- _TASK DIRECTIONS_: Reproduce exactly, and only, the lines of the material below running from the line bearing "financial management group" through the line bearing "Mens Clothing Karl". Leave any pictures out.

- _INPUT FOR THIS TASK_:
========

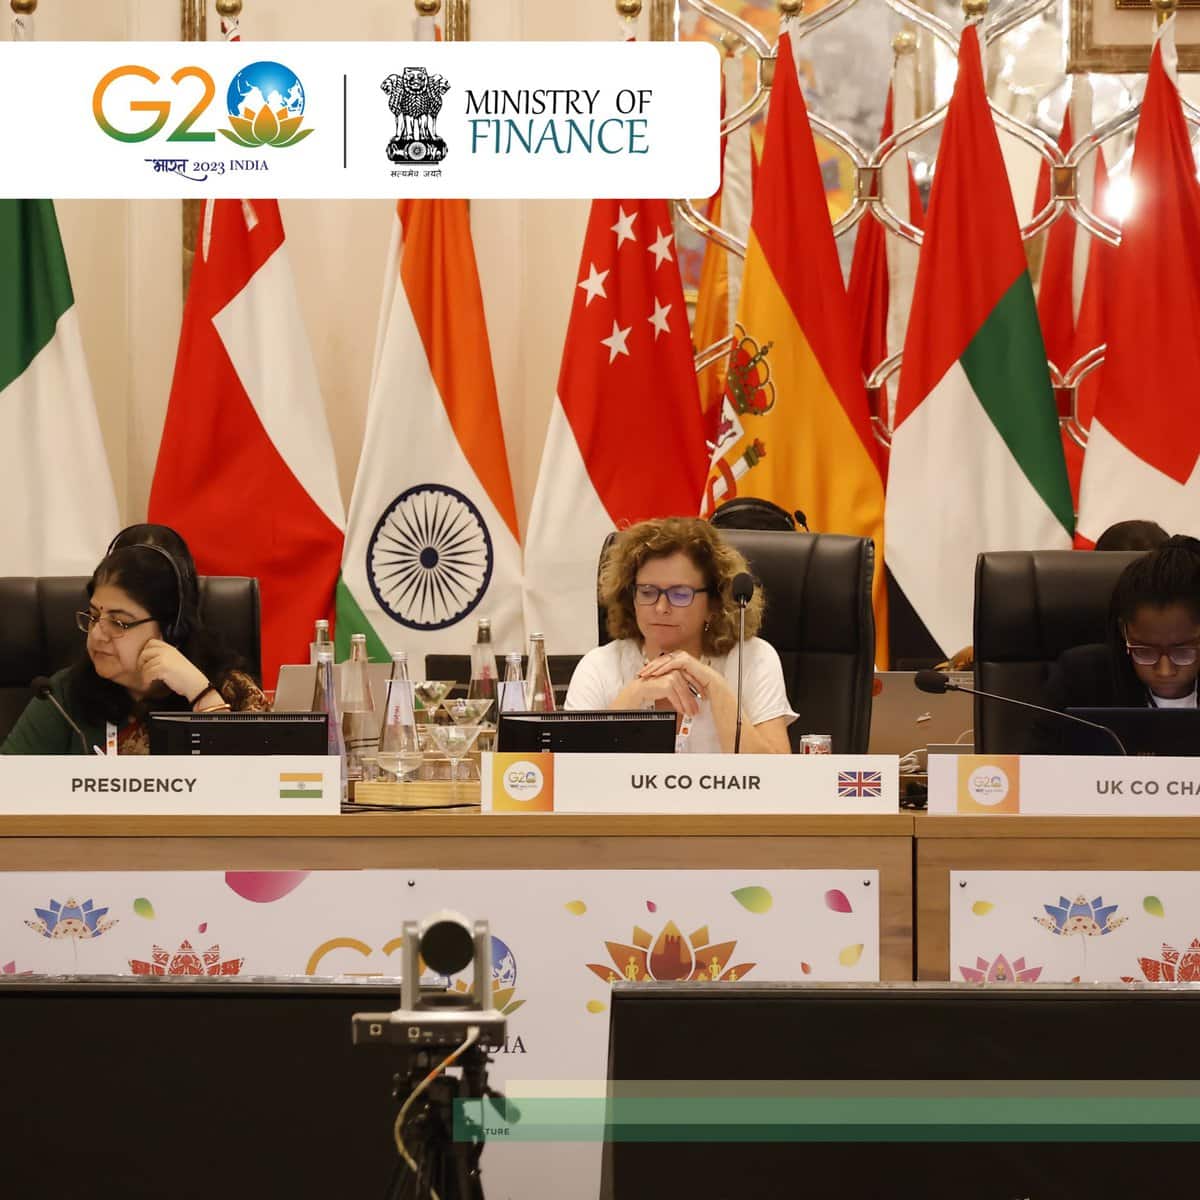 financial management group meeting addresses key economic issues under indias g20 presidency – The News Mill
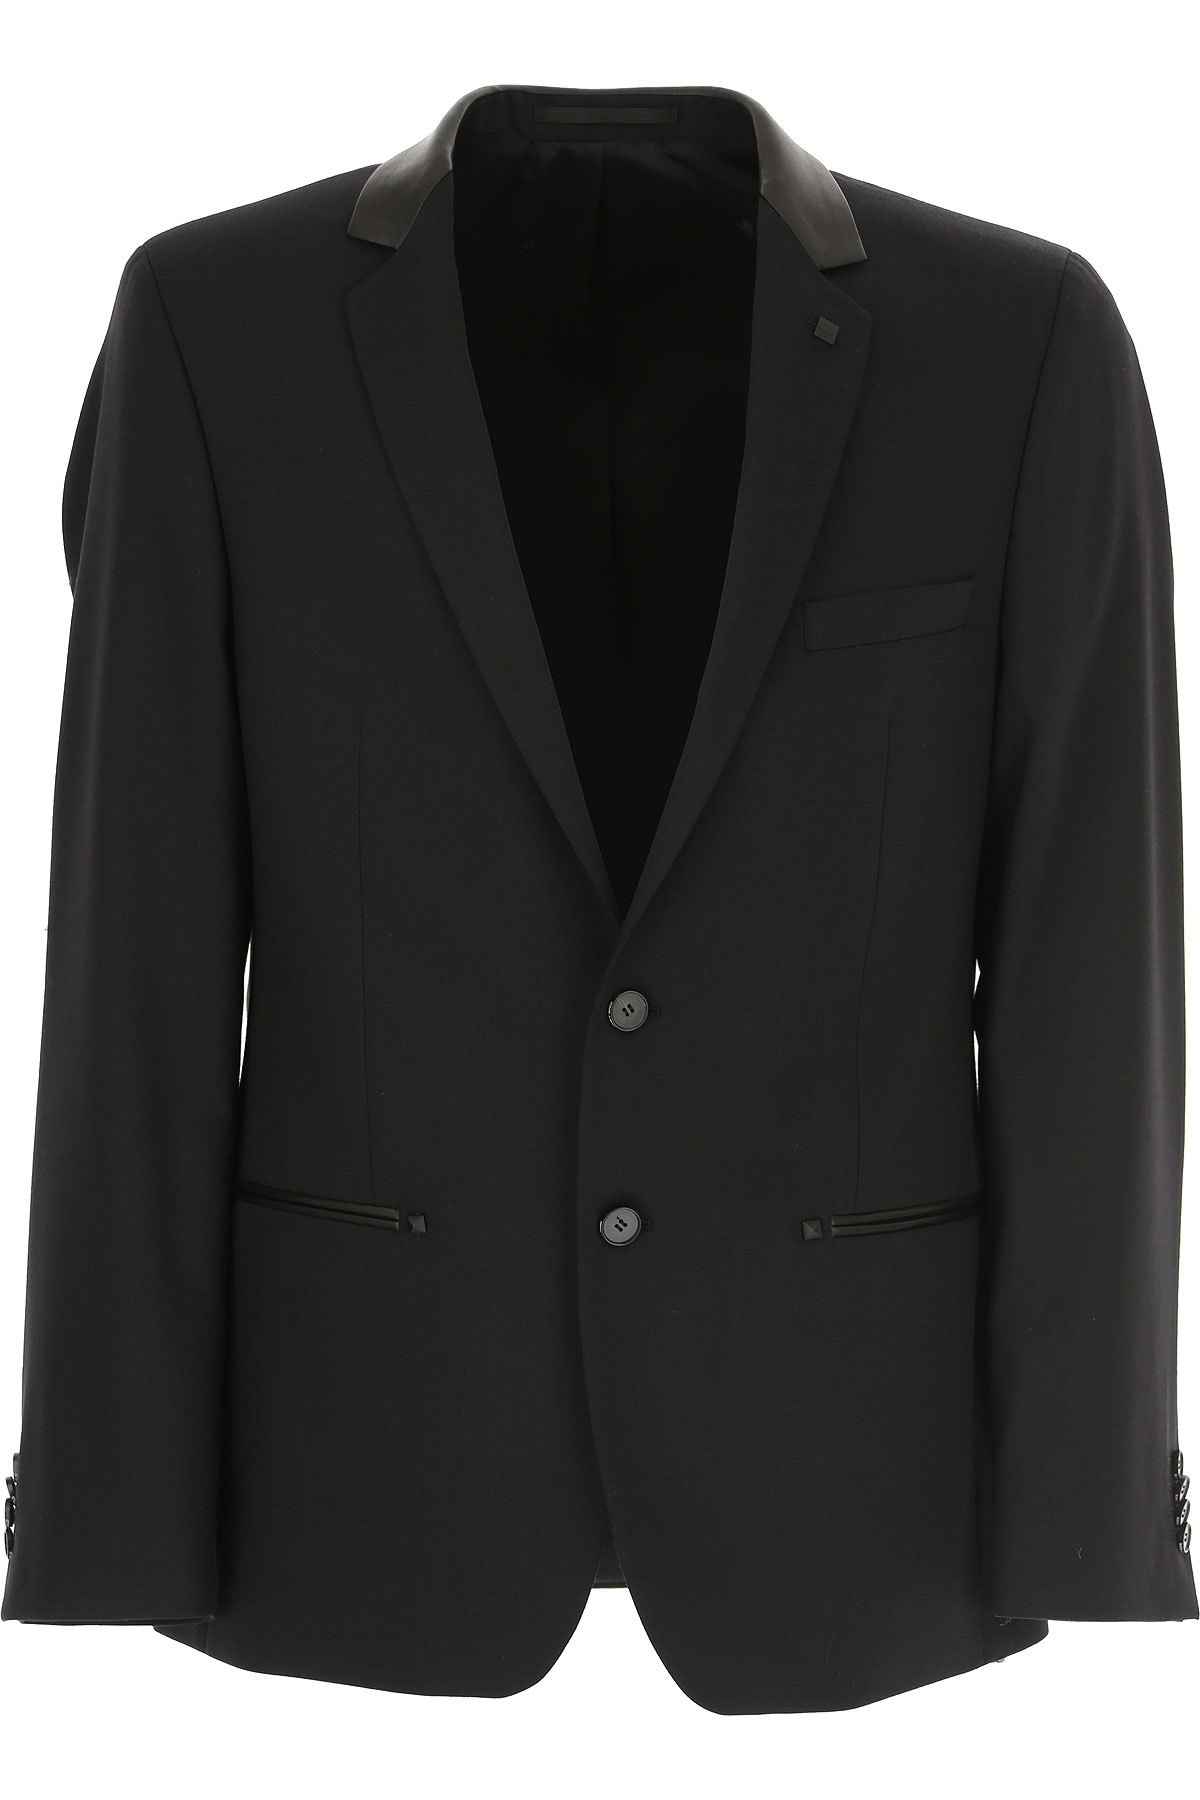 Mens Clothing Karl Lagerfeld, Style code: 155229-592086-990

========

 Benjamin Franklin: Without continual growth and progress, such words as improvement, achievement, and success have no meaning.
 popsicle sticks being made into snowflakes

========

- _OUTPUT OF THE EXERCISE_:
 financial management group meeting addresses key economic issues under indias g20 presidency – The News Mill
 Mens Clothing Karl Lagerfeld, Style code: 155229-592086-990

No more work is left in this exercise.